*Problem*
Starting at the line that holds "BREATHTAKING views over" and stopping at the line that holds "The Spell Book Palette", restate the records below word for word, with both of those lines included.

*Dataset entries*
┏━━
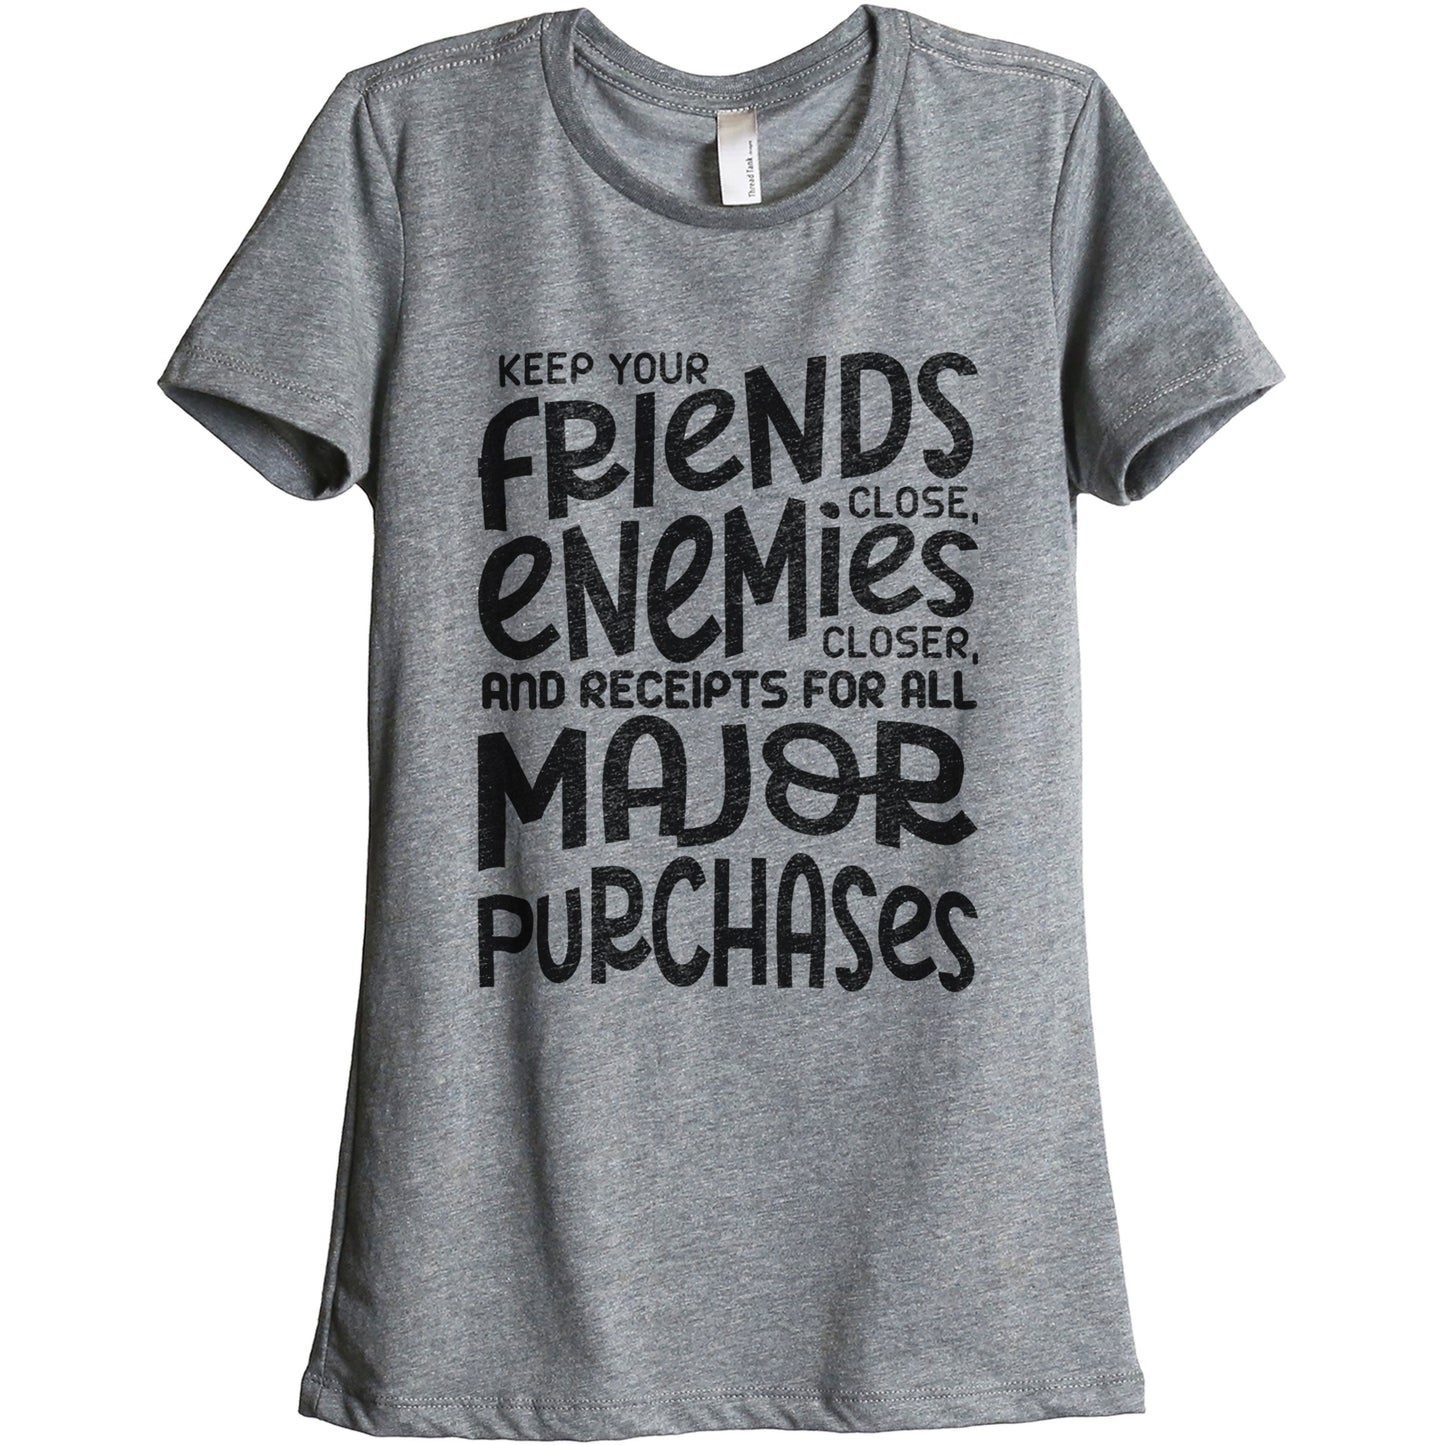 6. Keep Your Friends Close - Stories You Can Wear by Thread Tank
┗━━
┏━━
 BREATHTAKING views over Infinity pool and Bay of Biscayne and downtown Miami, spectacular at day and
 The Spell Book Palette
┗━━
*Answer section*
 BREATHTAKING views over Infinity pool and Bay of Biscayne and downtown Miami, spectacular at day and
 The Spell Book Palette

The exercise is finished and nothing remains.